In one or more embodiments, the first and second connectors 132, 134, 160, 180 can be secured to the first and second bearing blocks 122, 124 before the fairing 100 is submerged. Once the ROV engages the fairing 100, the ROV can transport the fairing 100 to a marine element. The ROV can then place the marine element between the first 102 and second 104 sides of the fairing 100. The ROV can then press the fairing 100 onto the marine element.
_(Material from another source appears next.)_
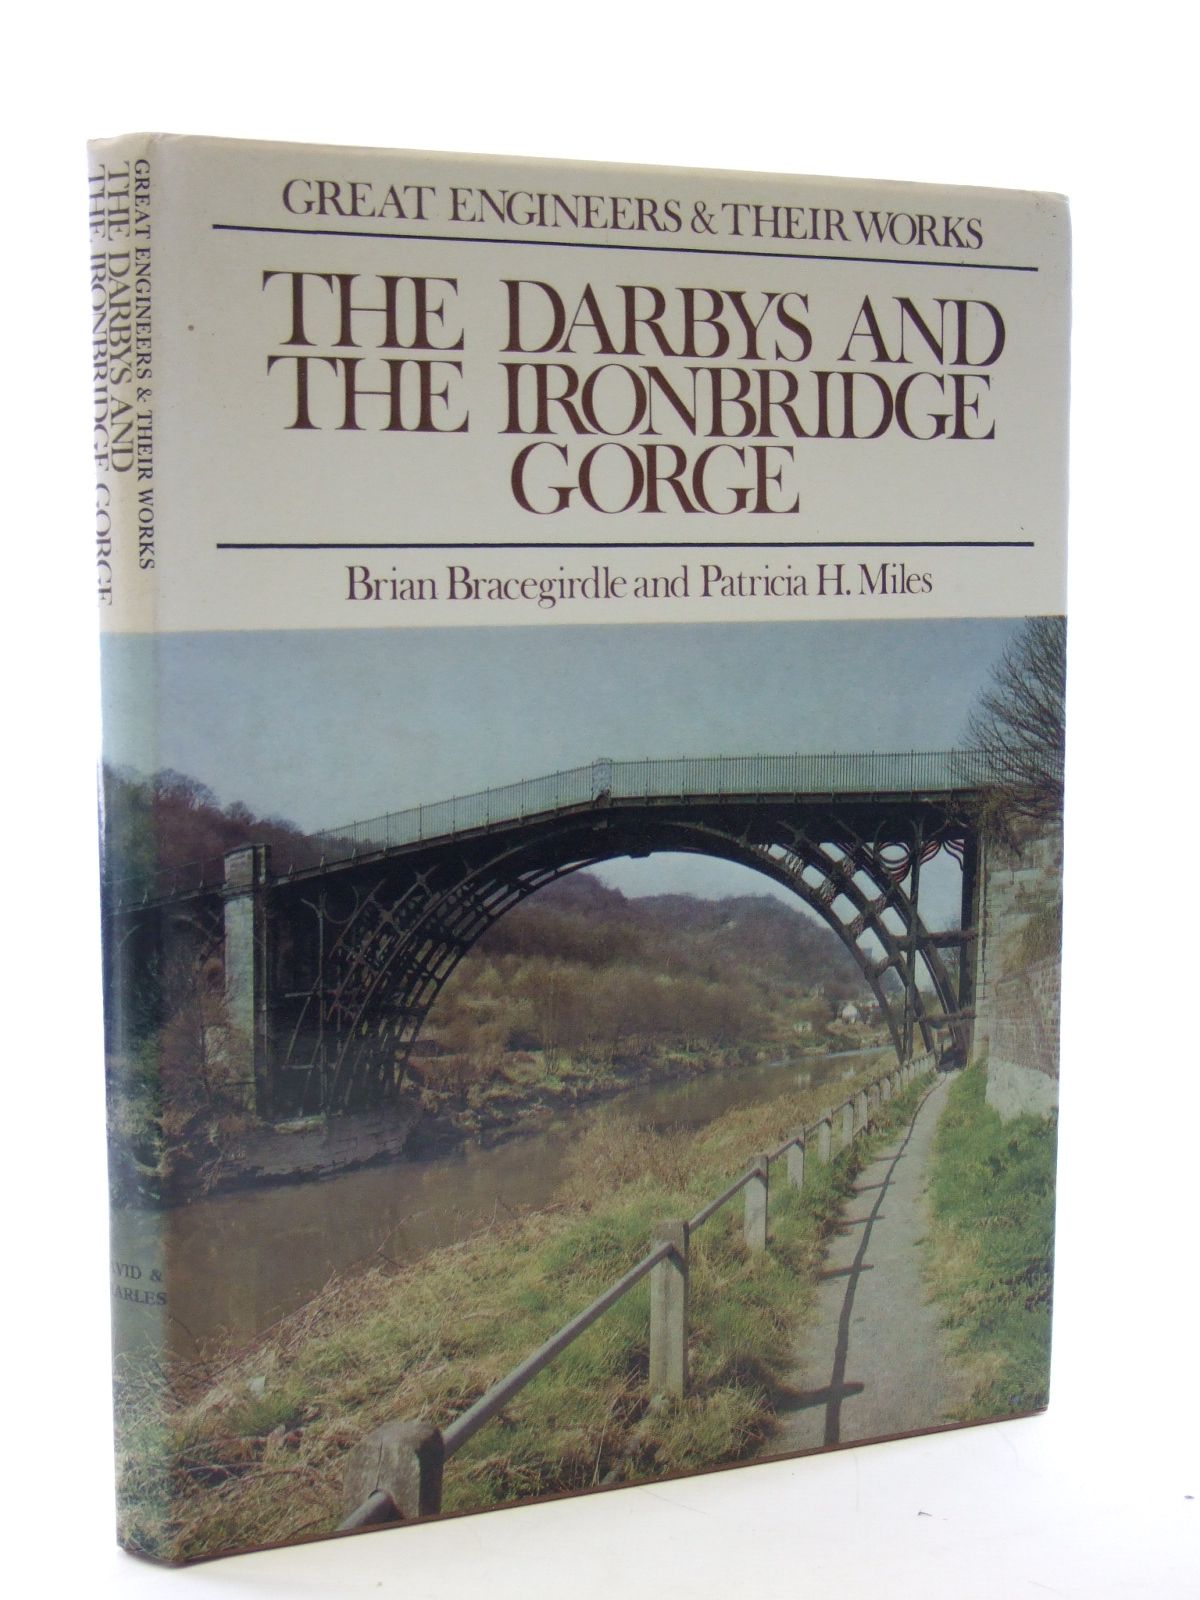 Photo of THE DARBYS AND THE IRONBRIDGE GORGE written by Bracegirdle, Brian
Miles, Patricia H. published by David & Charles (STOCK CODE: 1603280)  for sale by Stella & Rose's Books

As the fairing 100 is pressed onto the marine element, the attachment mechanism 138, 161 of the first connector 132, 160 can slidingly disengage the attachment mechanism 138, 181 of the second connector 134, 180. Once the fairing 100 is disposed around the marine element, the attachment mechanism 138, 161 of the first connector 132 can slidingly re-engage the attachment mechanism 138, 181 of the second connector 134 to secure the fairing 100 around the marine element.
After the fairing 100 has been placed around the marine element, the first and second connectors 132, 134, 160, 180 can be secured to the first and second bearing blocks 122, 124. The ROV can mount the first connector 132 onto the first bearing block 122, aligning the connector apertures 139 and the bearing block apertures 129. The ROV can then secure the first connector 132, 160 to the first bearing block 122 by inserting the securing device into the aligned apertures 129, 139. After the ROV has secured the first connector 132 to the first bearing block 122, the ROV can then slide the second connector 134, 180 onto the second bearing block 124, aligning the connector apertures 139 and bearing block apertures 129. As the second connector 134, 180 is slid into place, the attachment mechanism 138, 161 of the first connector 132, 160 can slidingly engage the attachment mechanism 138, 181 of the second connector 134, 180, interlocking the first and second connectors 132, 134, 160, 180. The ROV can then secure the second connector 134, 180 to the second bearing block 124 by inserting a securing device into each of the aligned apertures 129, 139.
Certain embodiments and features have been described using a set of numerical upper limits and a set of numerical lower limits. It should be appreciated that ranges from any lower limit to any upper limit are contemplated unless otherwise indicated. Certain lower limits, upper limits, and ranges appear in one or more claims below. All numerical values are “about” or “approximately” the indicated value, and take into account experimental error and variations that would be expected by a person having ordinary skill in the art.
Various terms have been defined above. To the extent a term used in a claim is not defined above, it should be given the broadest definition persons in the pertinent art have given that term as reflected in at least one printed publication or issued patent. Furthermore, all patents, test procedures, and other documents cited in this application are fully incorporated by reference to the extent such disclosure is not inconsistent with this application and for all jurisdictions in which such incorporation is permitted.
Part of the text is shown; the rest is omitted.